Given data →
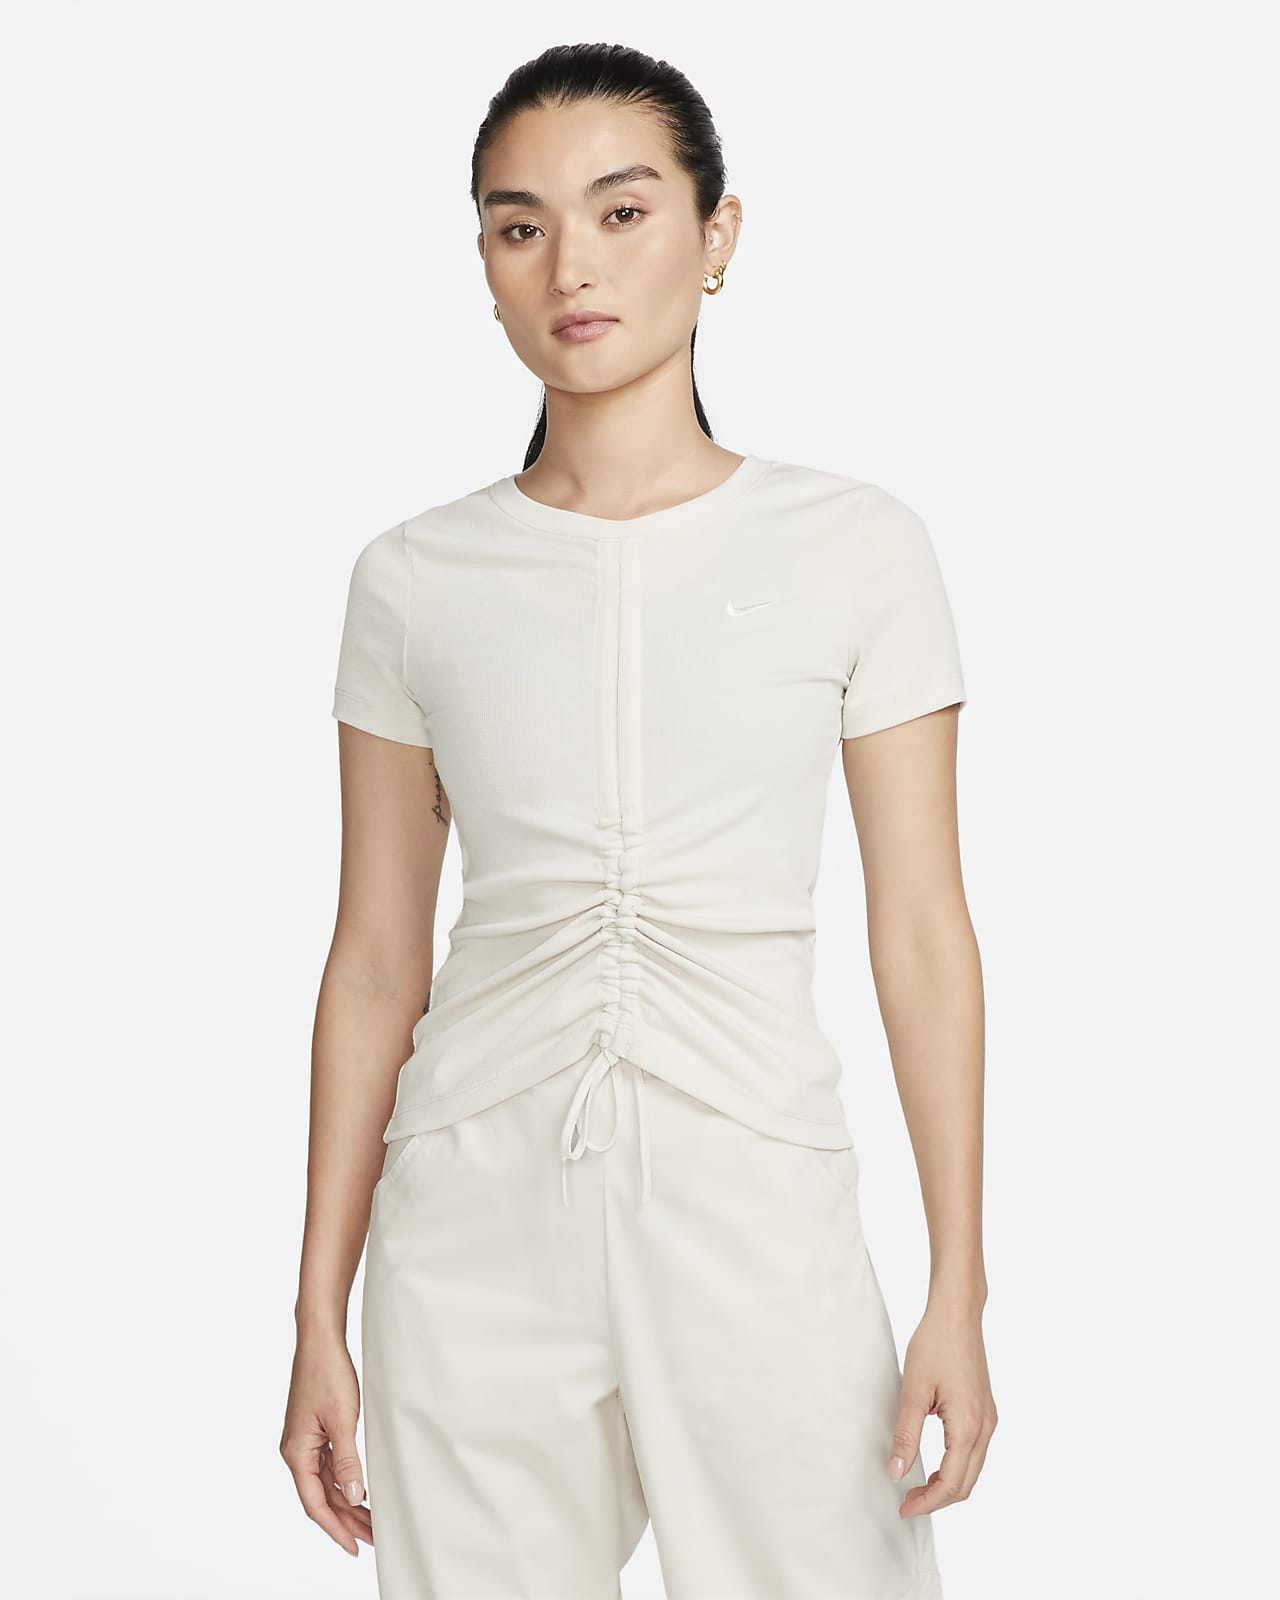 Γυναικεία κοντομάνικη μπλούζα με μέτριο μήκος crop σε ύφανση ριμπ Nike Sportswear Essentials
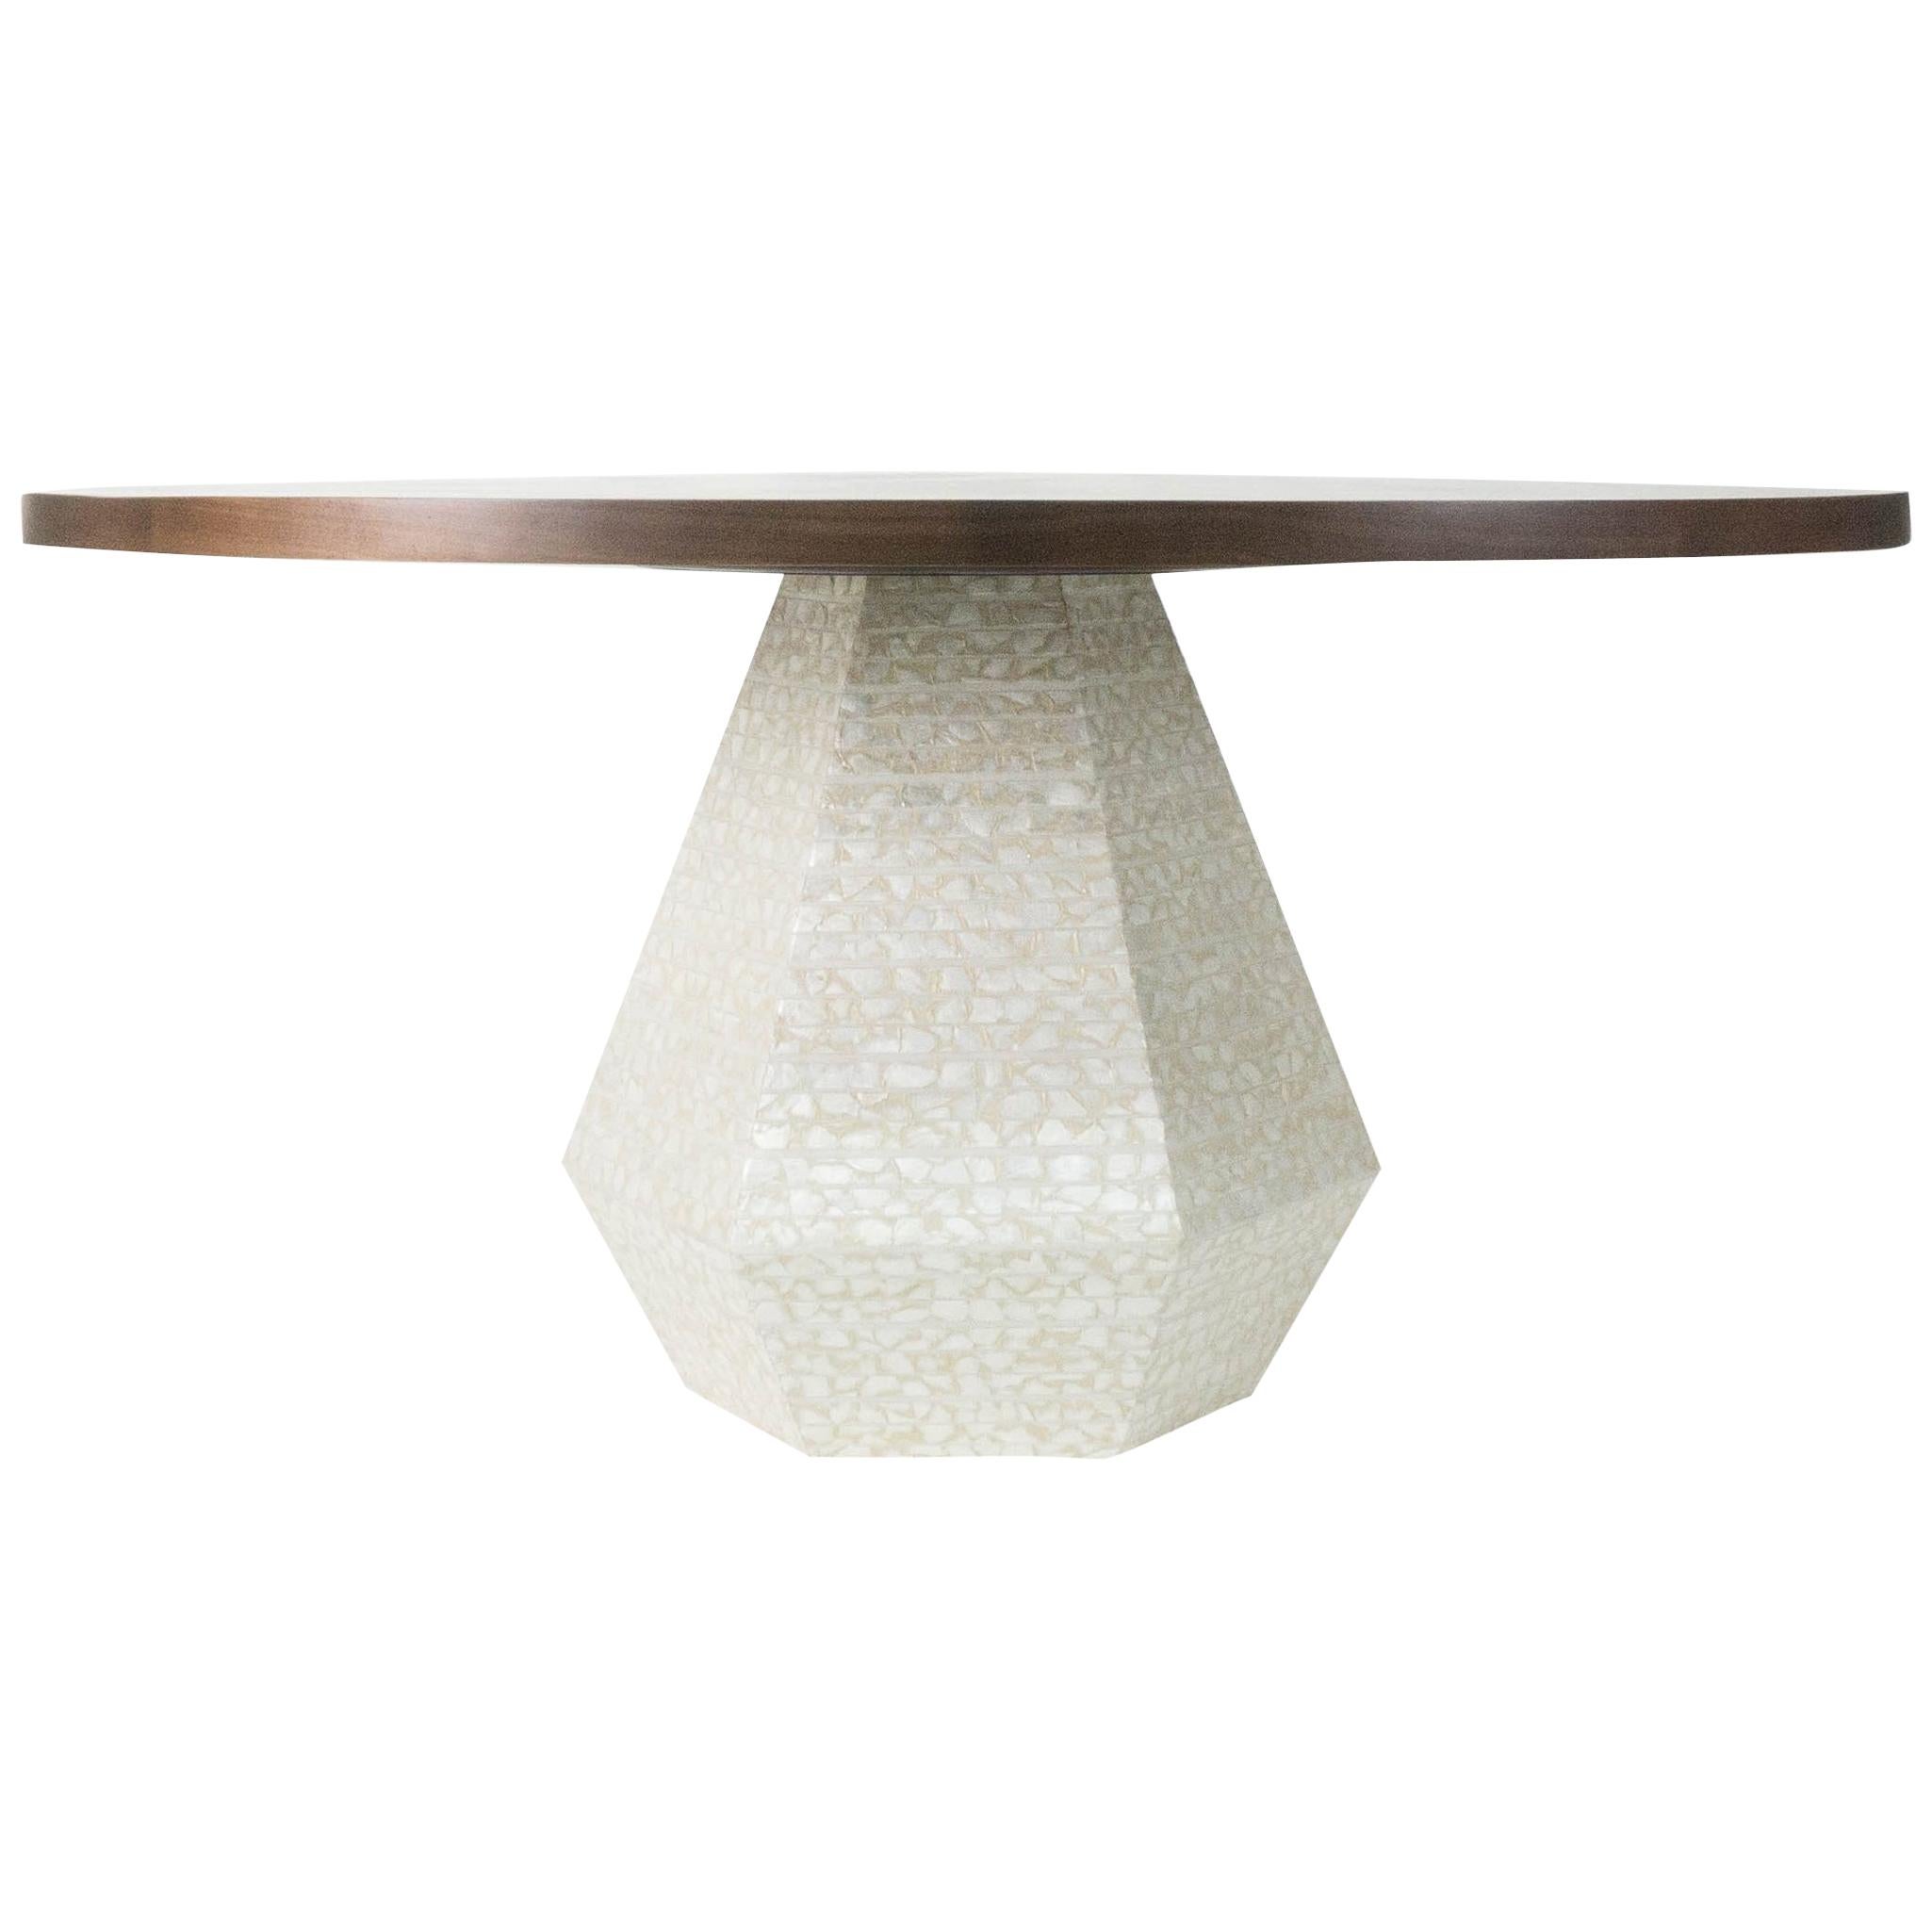 Unser Pilztisch ist ein moderner runder Esstisch mit einer satinierten Walnussplatte. Die einzigartig geformte Basis ist mit echten Capiz-Muscheln bedeckt, die wegen ihres durchscheinenden Aussehens oft als 
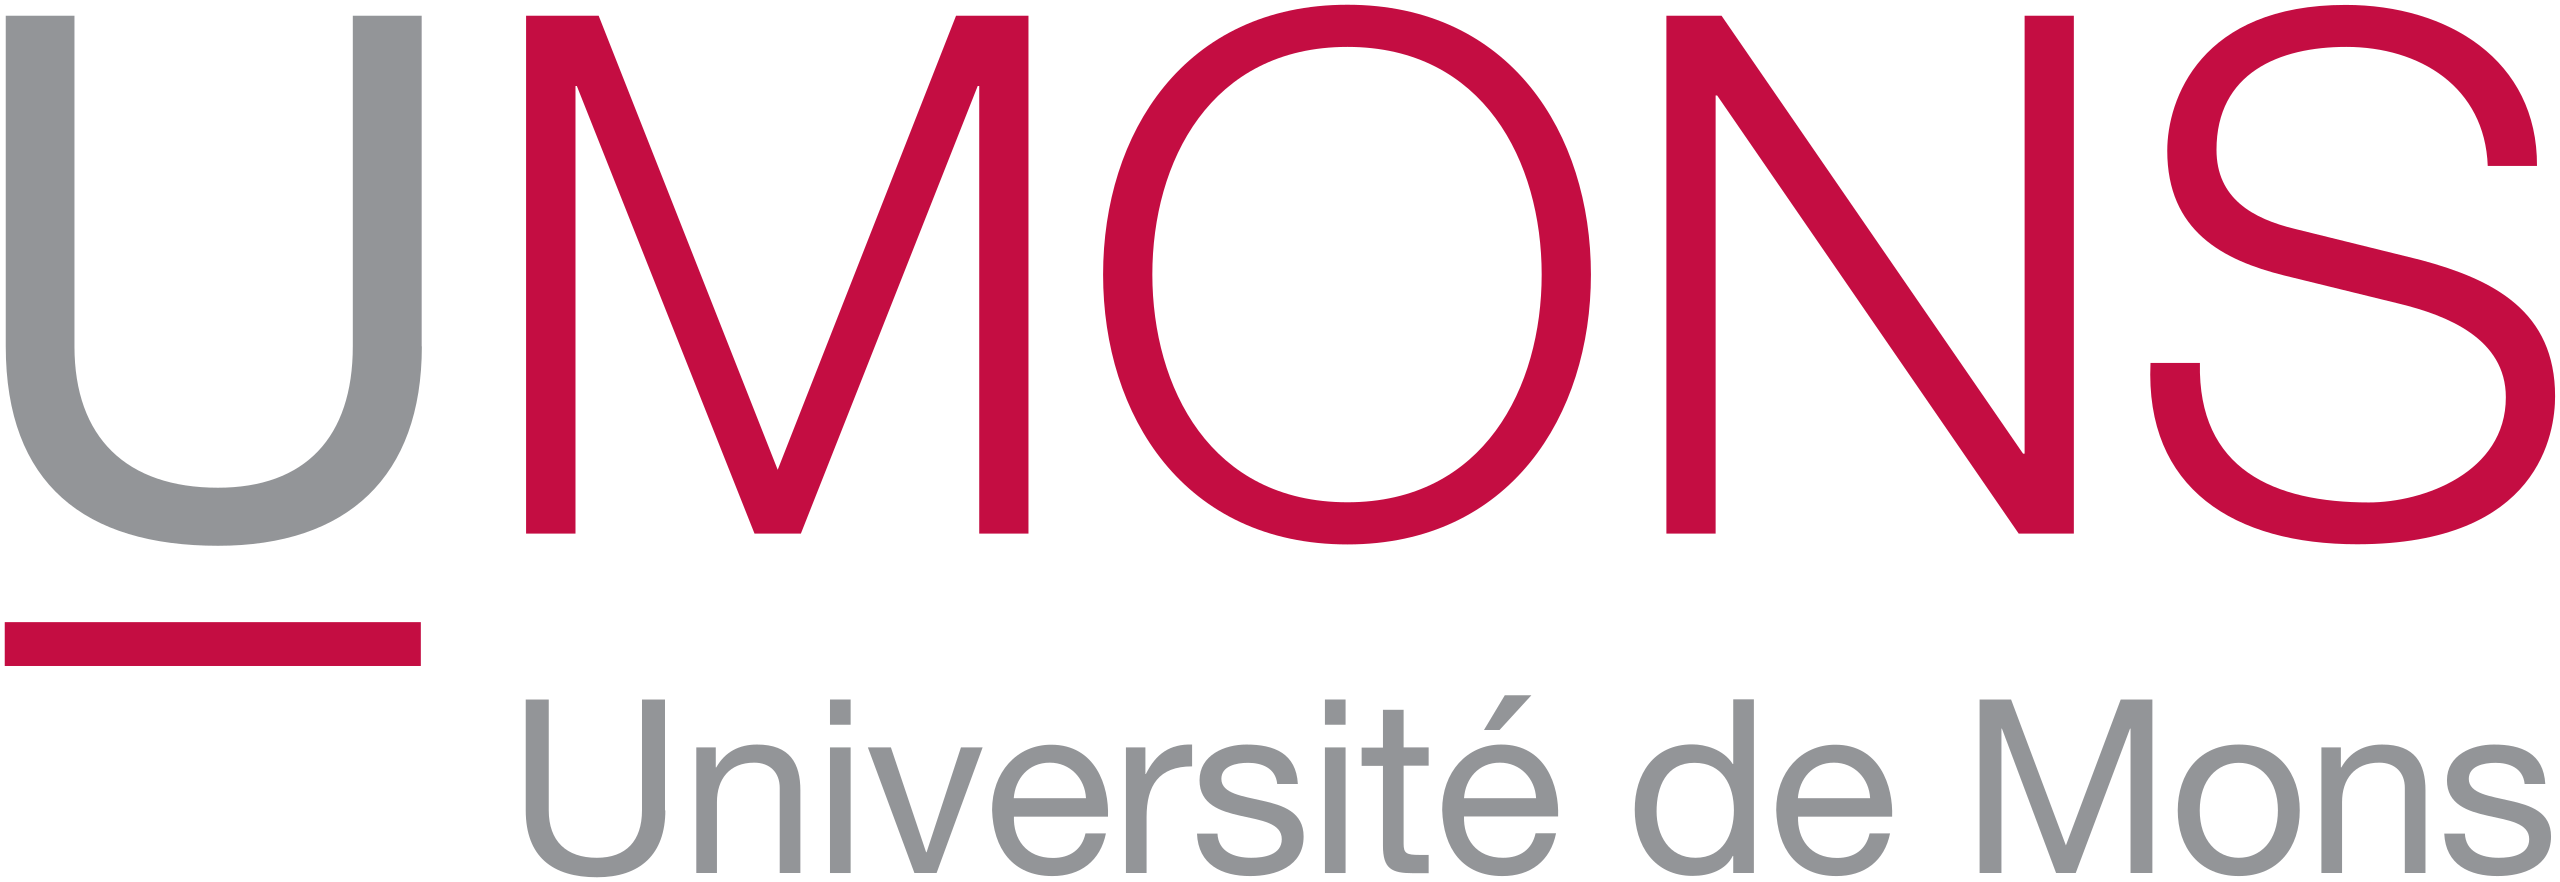 Logo UMons - Université de Mons
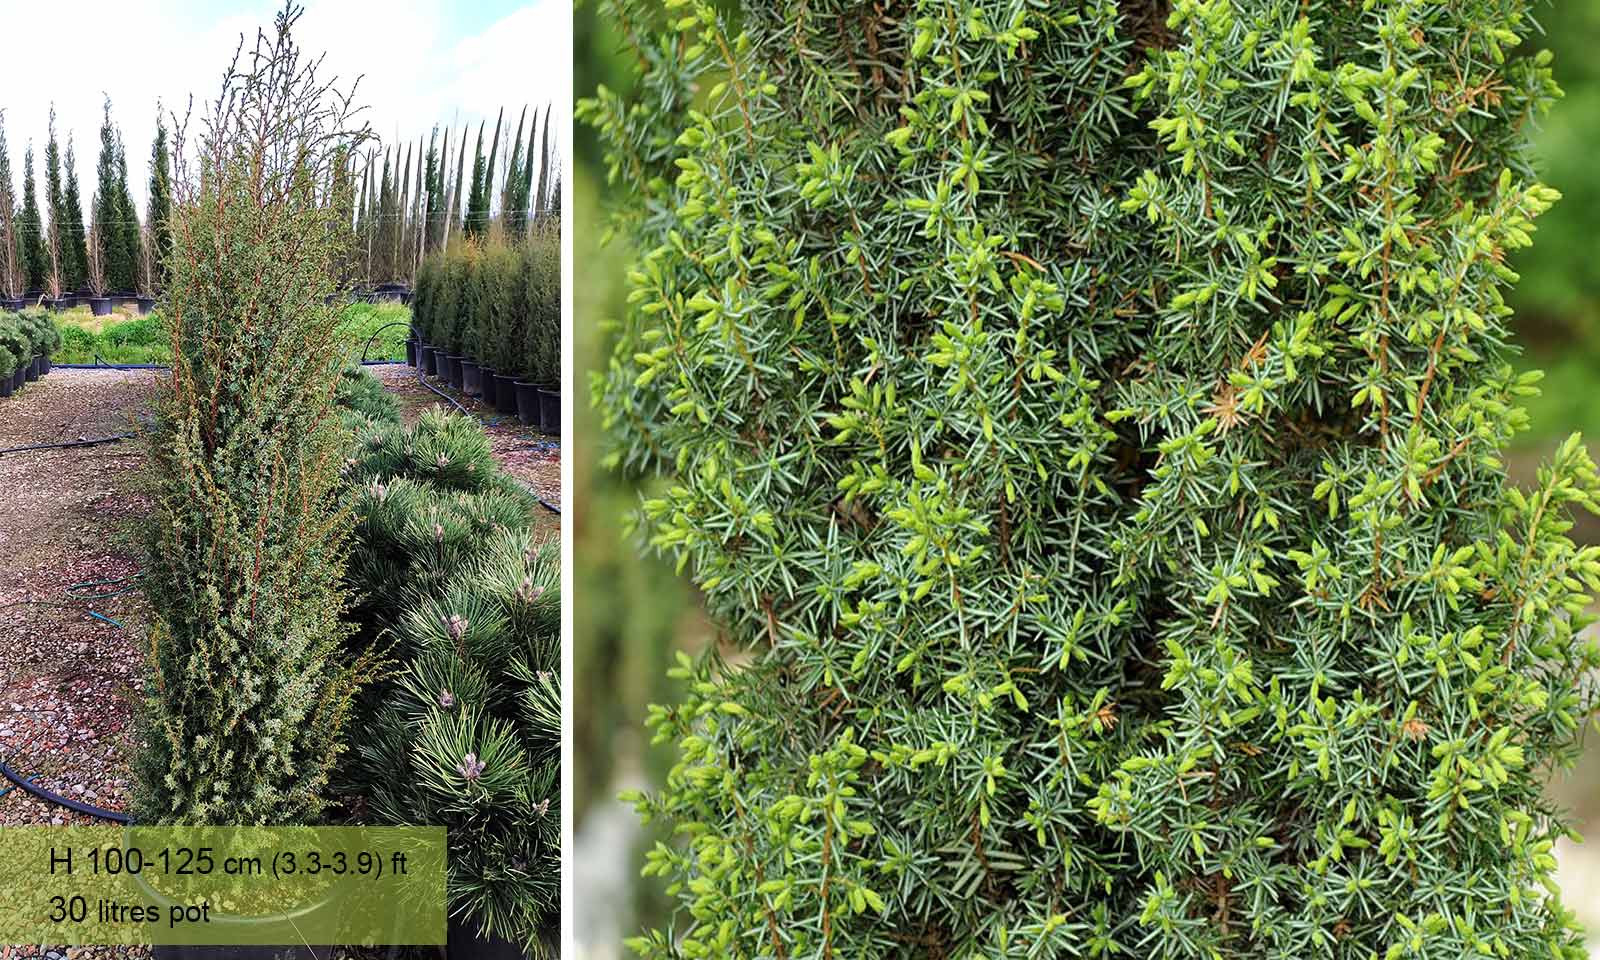 Irish Juniper (Juniperus Communis 'Hibernica')

Activity → Return the material in full and unaltered, minus its pictures.

Written solution →
 Γυναικεία κοντομάνικη μπλούζα με μέτριο μήκος crop σε ύφανση ριμπ Nike Sportswear Essentials
 Unser Pilztisch ist ein moderner runder Esstisch mit einer satinierten Walnussplatte. Die einzigartig geformte Basis ist mit echten Capiz-Muscheln bedeckt, die wegen ihres durchscheinenden Aussehens oft als 
 Logo UMons - Université de Mons
 Irish Juniper (Juniperus Communis 'Hibernica')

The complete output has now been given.